# [Collected material]
[Start of Attachment]

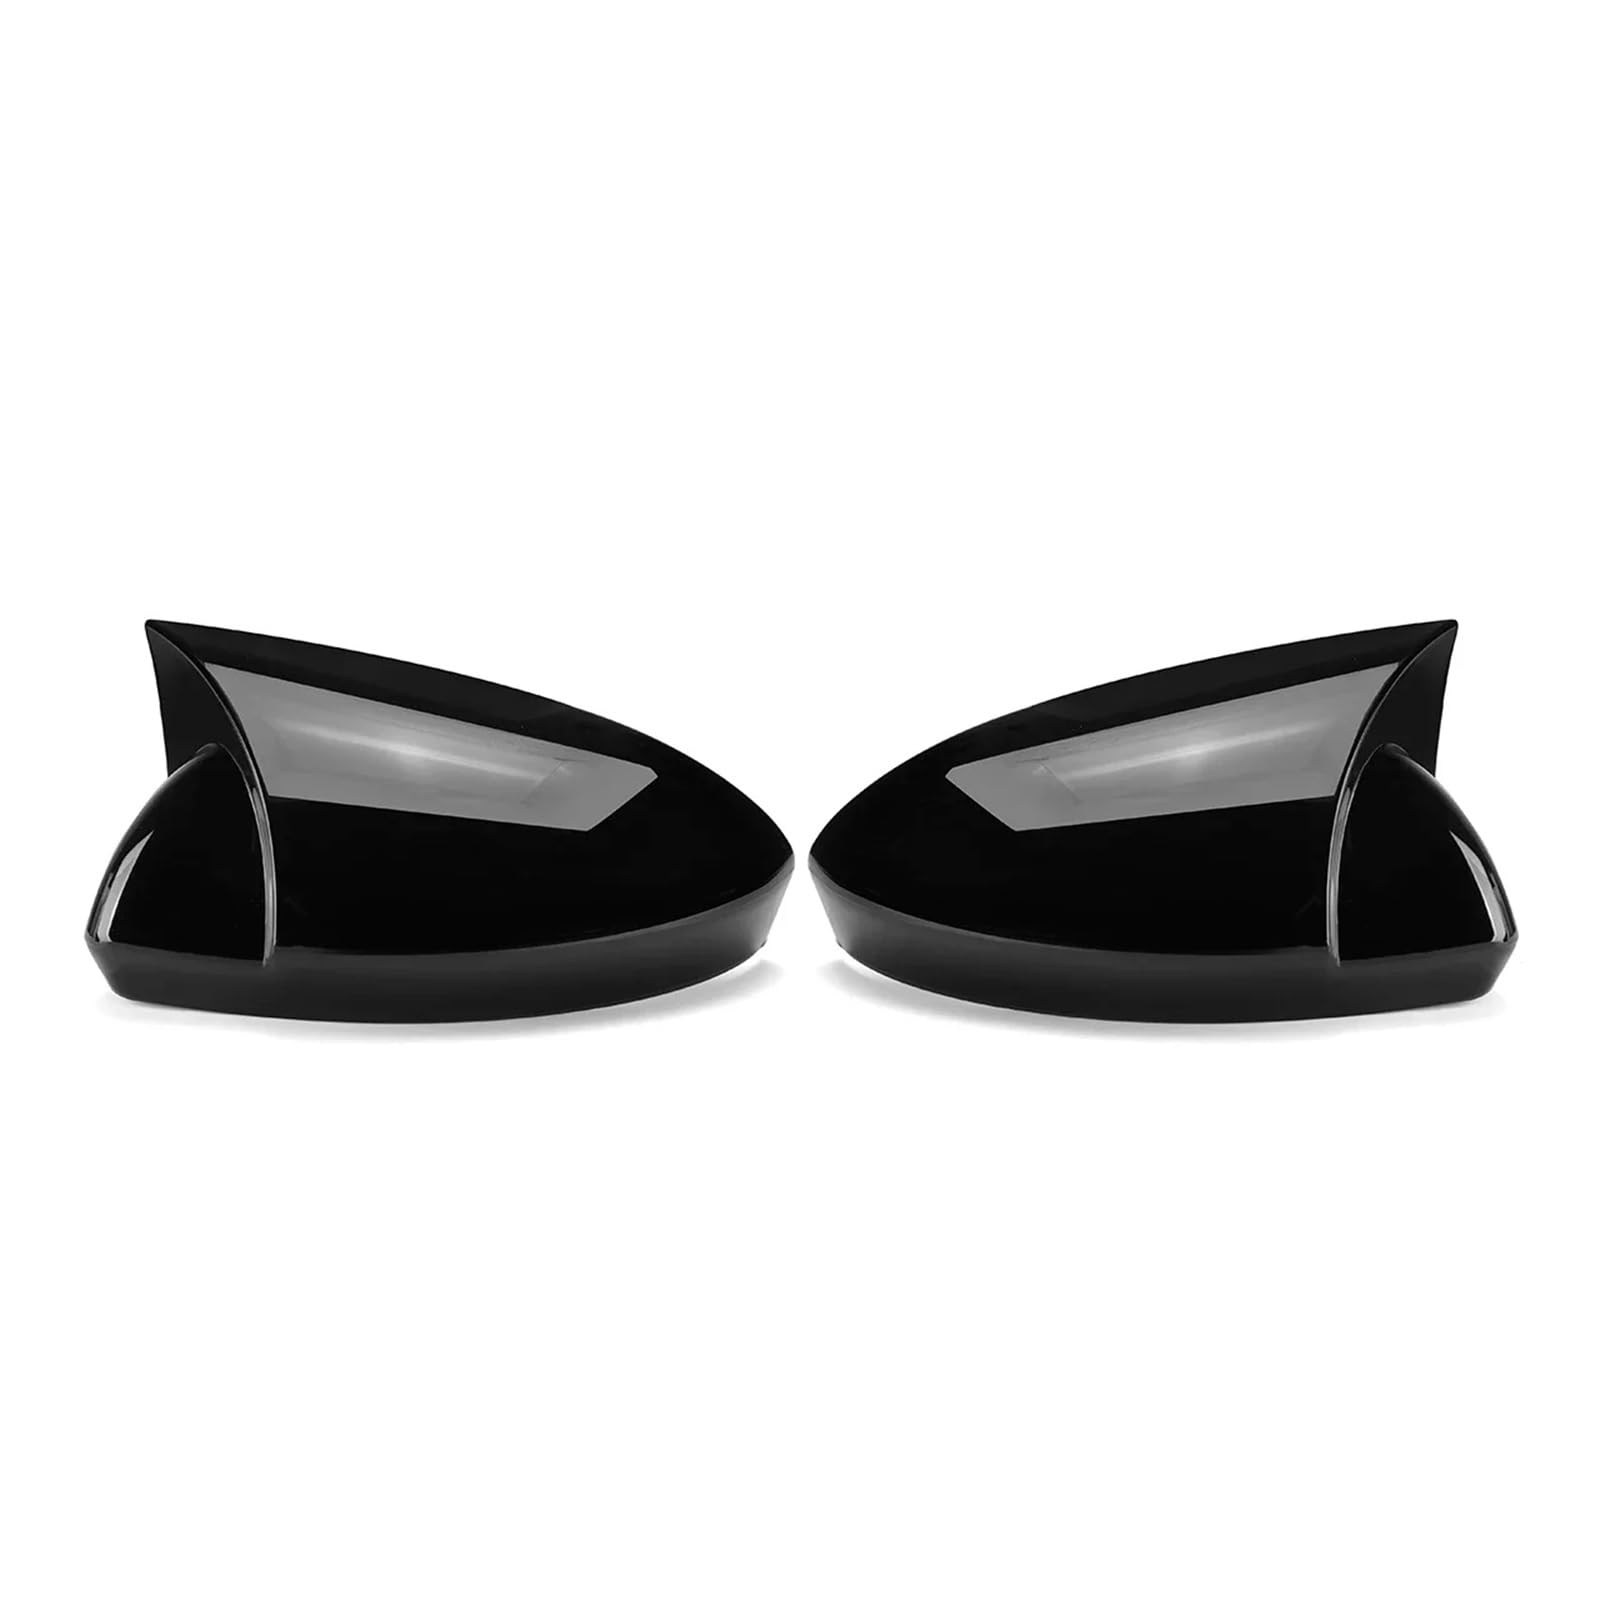 Rückspiegelkappe Für Megane 4 MK4 2016-2020 Rückspiegel Abdeckung Seite Flügel Spiegel Abdeckung Auto Zubehör Außenspiegelkappe(Glossy Black) von CUTEAS
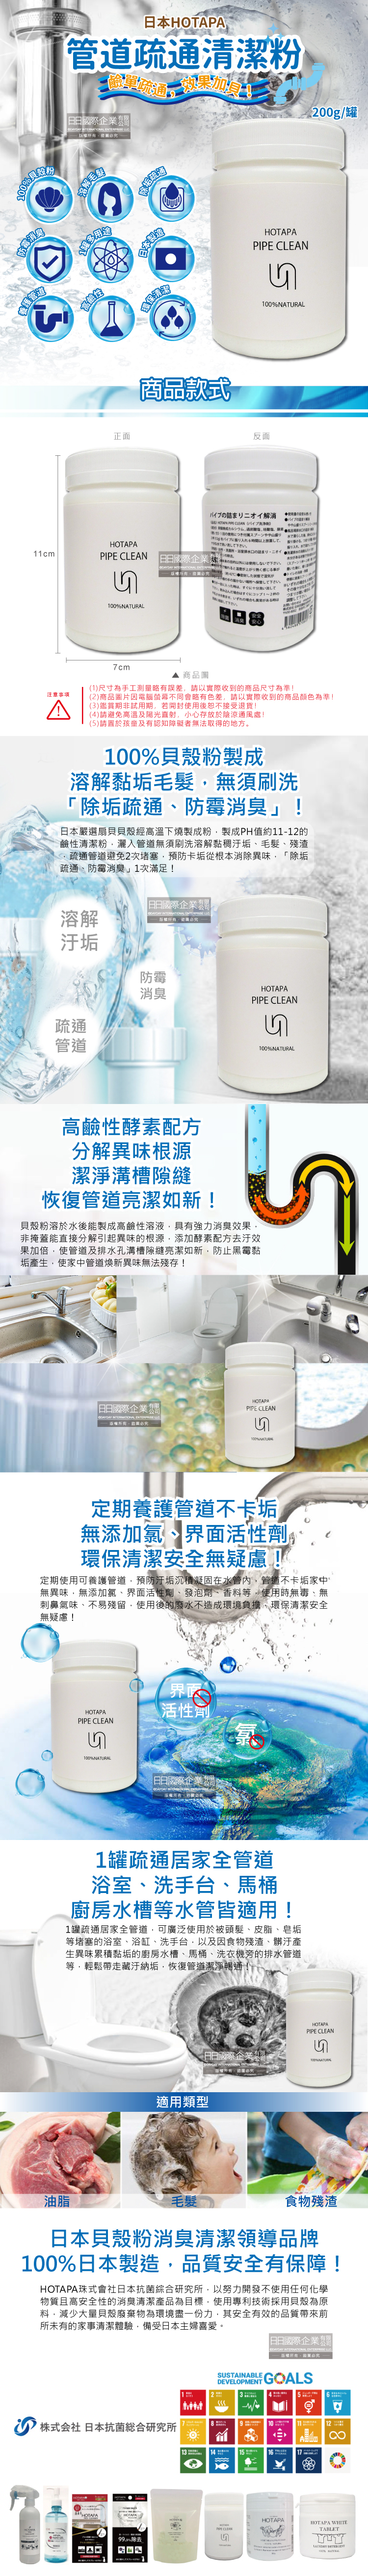 (清潔-管道)日本HOTAPA-排水管清潔粉200g罐裝介紹圖
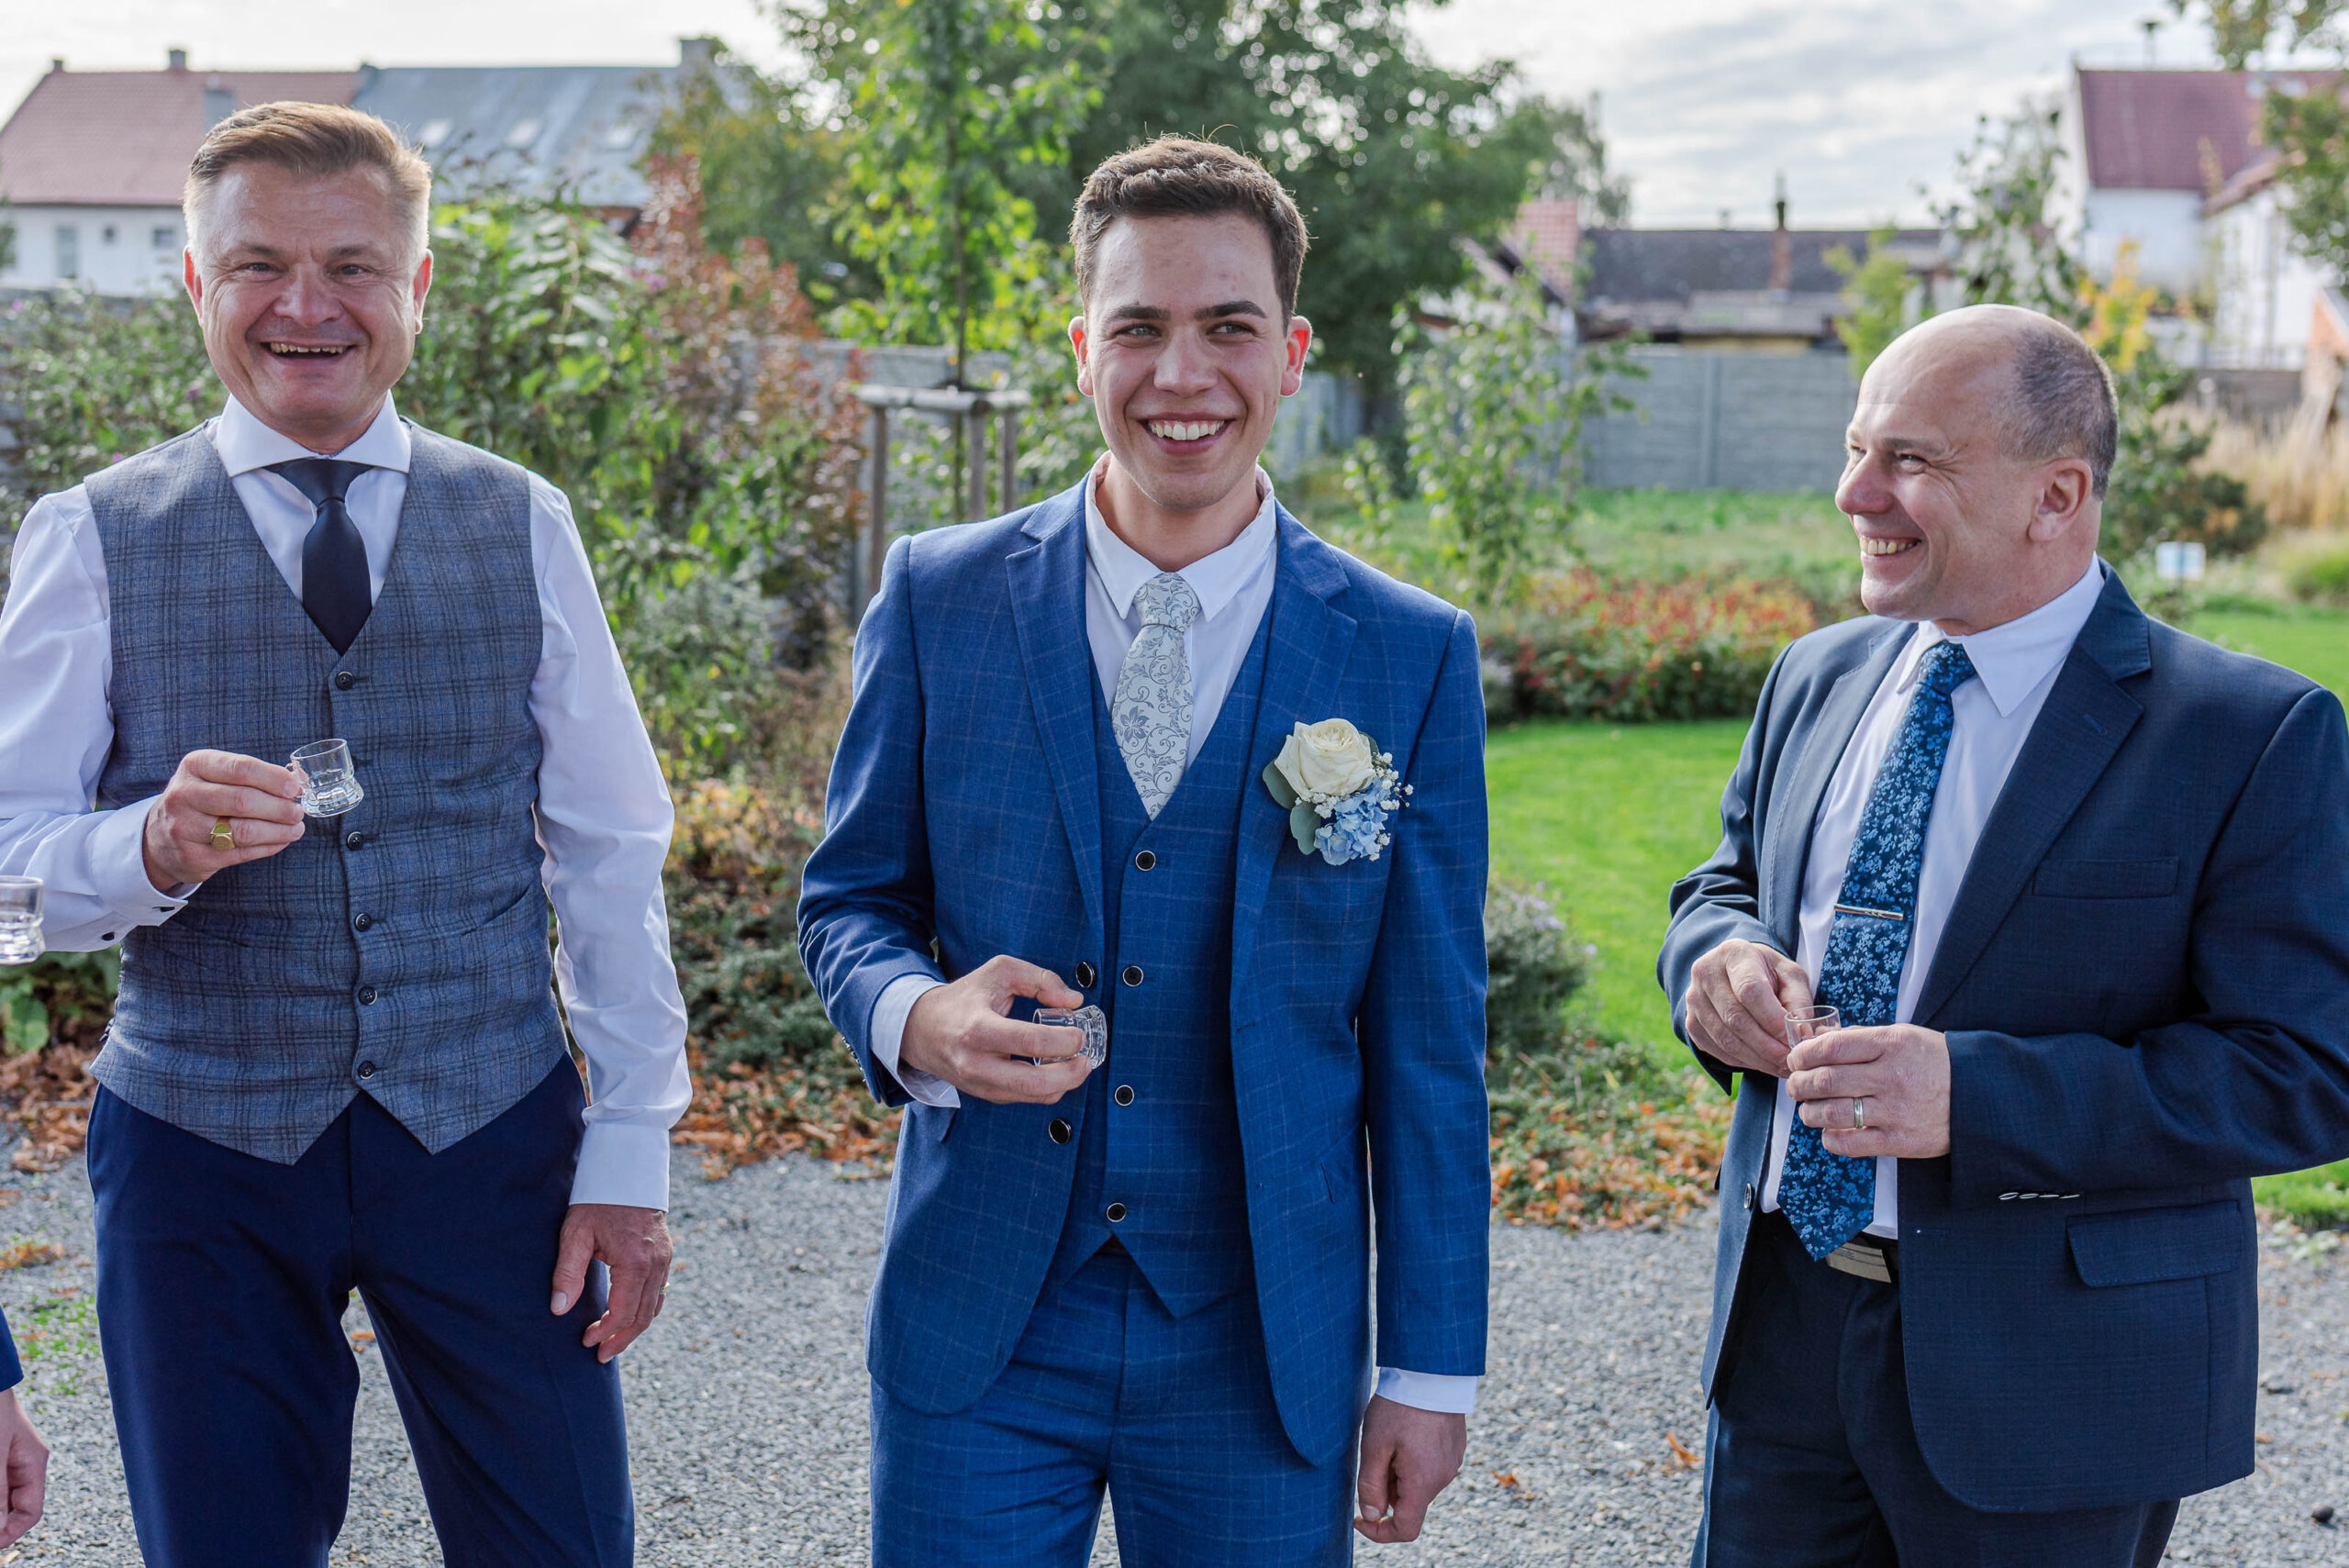 Svatební fotograf | svatba s přáteli a rodinou, Zlínsko

[End of Attachment]

Output all of the listing above, exactly as given, but without its pictures.

# [Response below]
 Rückspiegelkappe Für Megane 4 MK4 2016-2020 Rückspiegel Abdeckung Seite Flügel Spiegel Abdeckung Auto Zubehör Außenspiegelkappe(Glossy Black) von CUTEAS
 (清潔-管道)日本HOTAPA-排水管清潔粉200g罐裝介紹圖
 Svatební fotograf | svatba s přáteli a rodinou, Zlínsko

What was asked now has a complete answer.